Quality Control Materials: The Classic Make or Buy Decision
All laboratory determinations have some degree of uncertainty. Total error is the sum of systematic and random errors, expressed quantitatively as bias and imprecision, and assessing accuracy and reproducibility, respectively. Regulatory entities and good laboratory practices require evaluating an assay’s performance characteristics before using it to test patient samples. As such, total error is both quantified and accepted when it falls within the total allowable error for the test and its intended medical use.

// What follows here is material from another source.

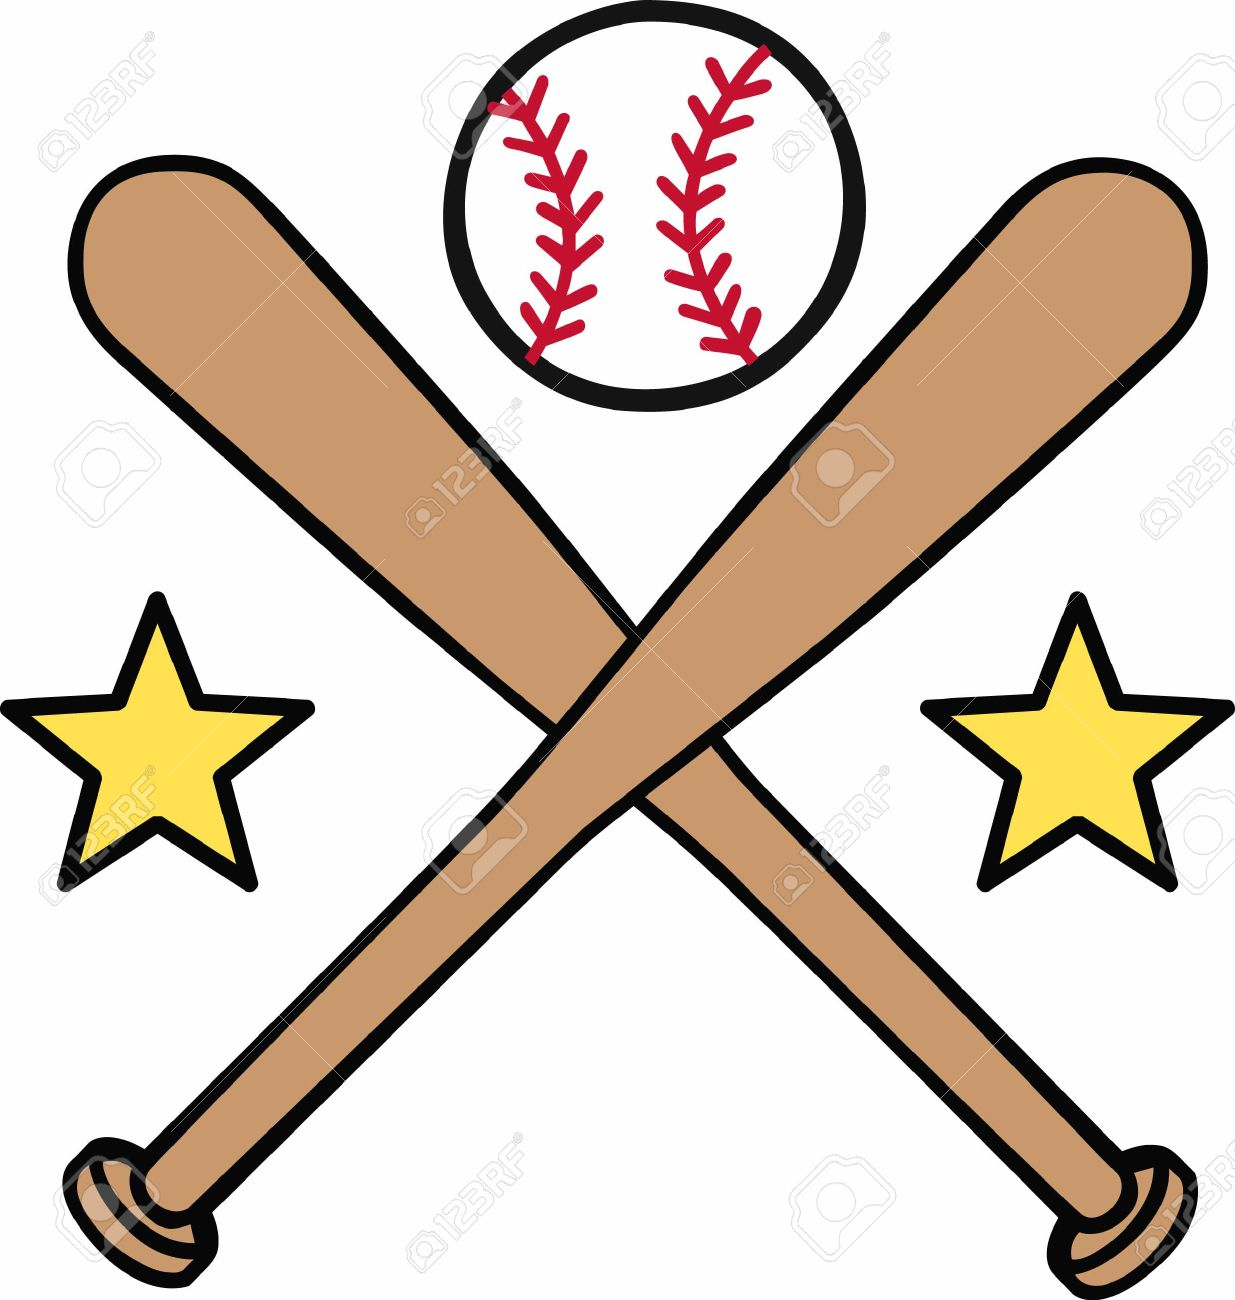 Baseball chain banner clipart free svg freeuse download Baseball Bat Crossed | Free download best Baseball Bat Crossed on ... svg freeuse download
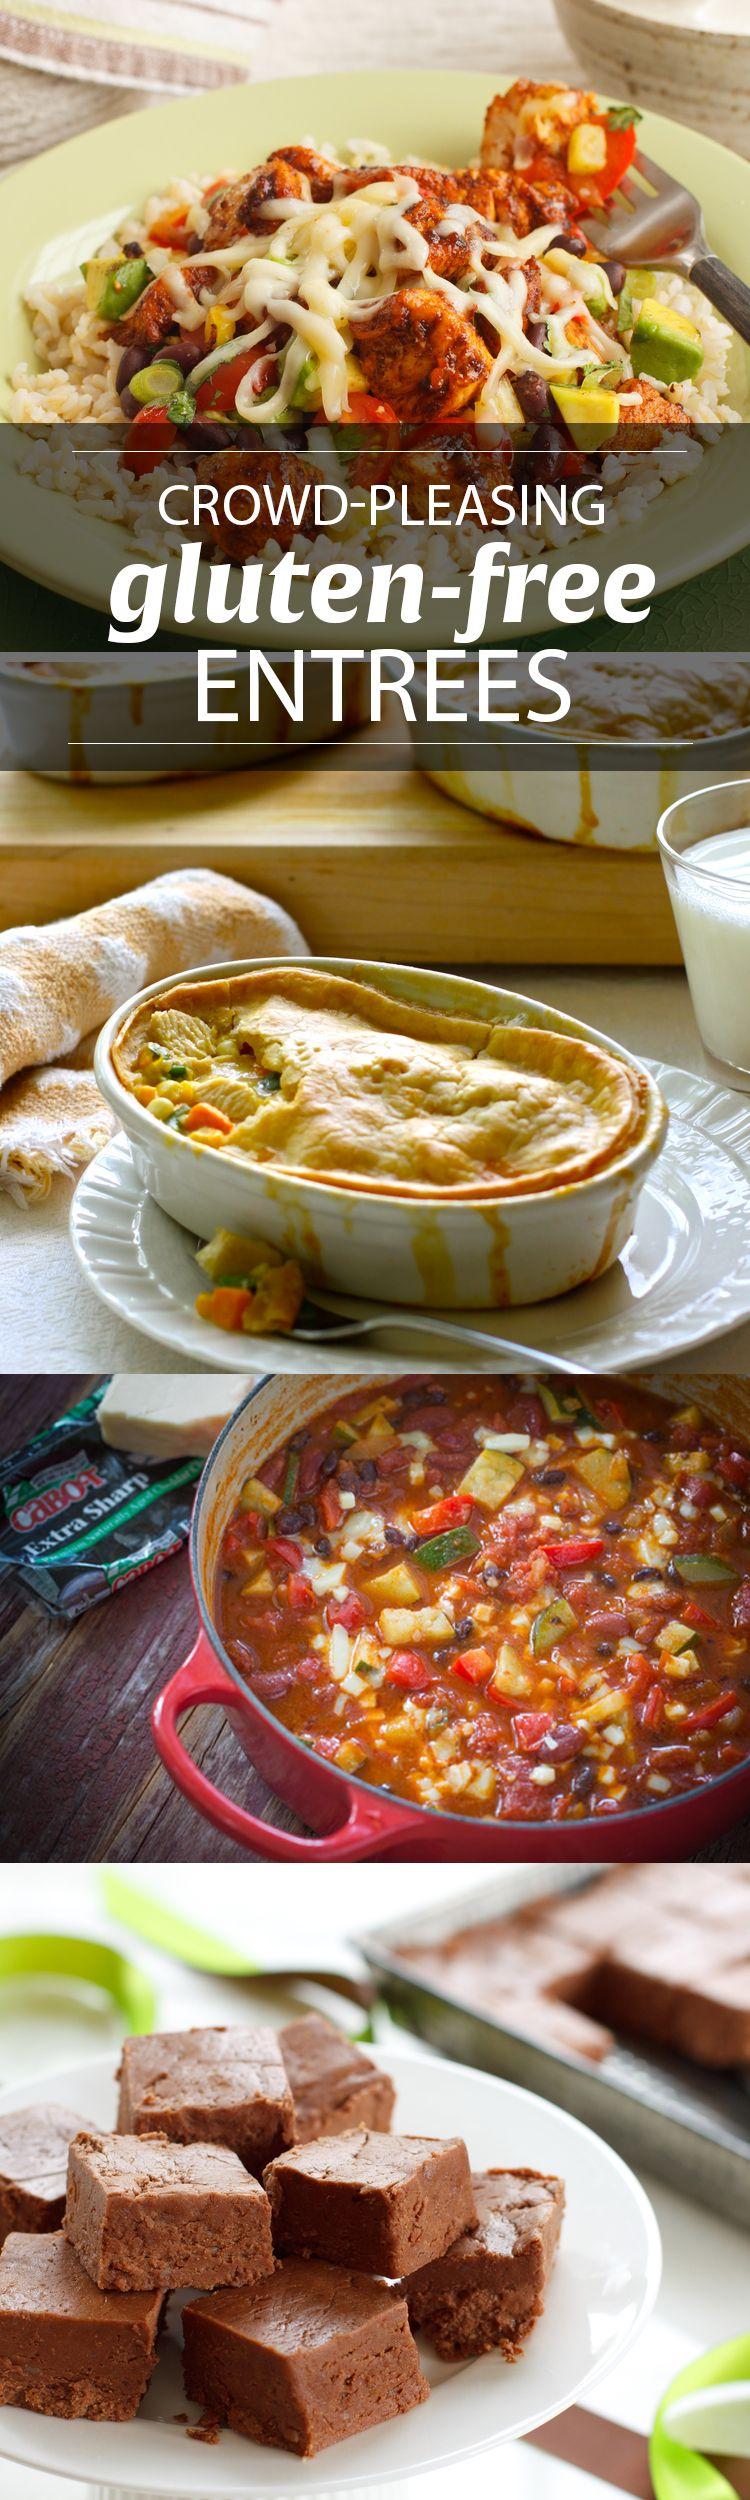 Crowdpleasing glutenfree entrees cabot creamery food

To evaluate whether a method continues meeting its medical and analytical goals, laboratories monitor the performance of the test using a quality control (QC) plan that alerts the lab of problems with potential effects on patient test results.
Labs face challenges in their routine statistical QC despite a wealth of theoretical knowledge on initiating and maintaining a QC program. The Clinical and Laboratory Standards Institute (CLSI) guideline, Statistical Quality Control for Quantitative Measurement Procedures: Principles and Definitions (C24-A3, Third Edition), lists several approaches for labs to improve how they use statistical QC. These include: planning QC based on the performance and quality requirements for the test; defining an analytical run tailored to both the method and laboratory operations; and implementing procedures for QC and out-of-control situations. Planning QC starts with the selection of appropriate control materials and extends to the frequency, the number of control samples to run, and acceptability rules. CLSI C24-A3 explains the mathematical approach behind and selection criteria for the latter concepts.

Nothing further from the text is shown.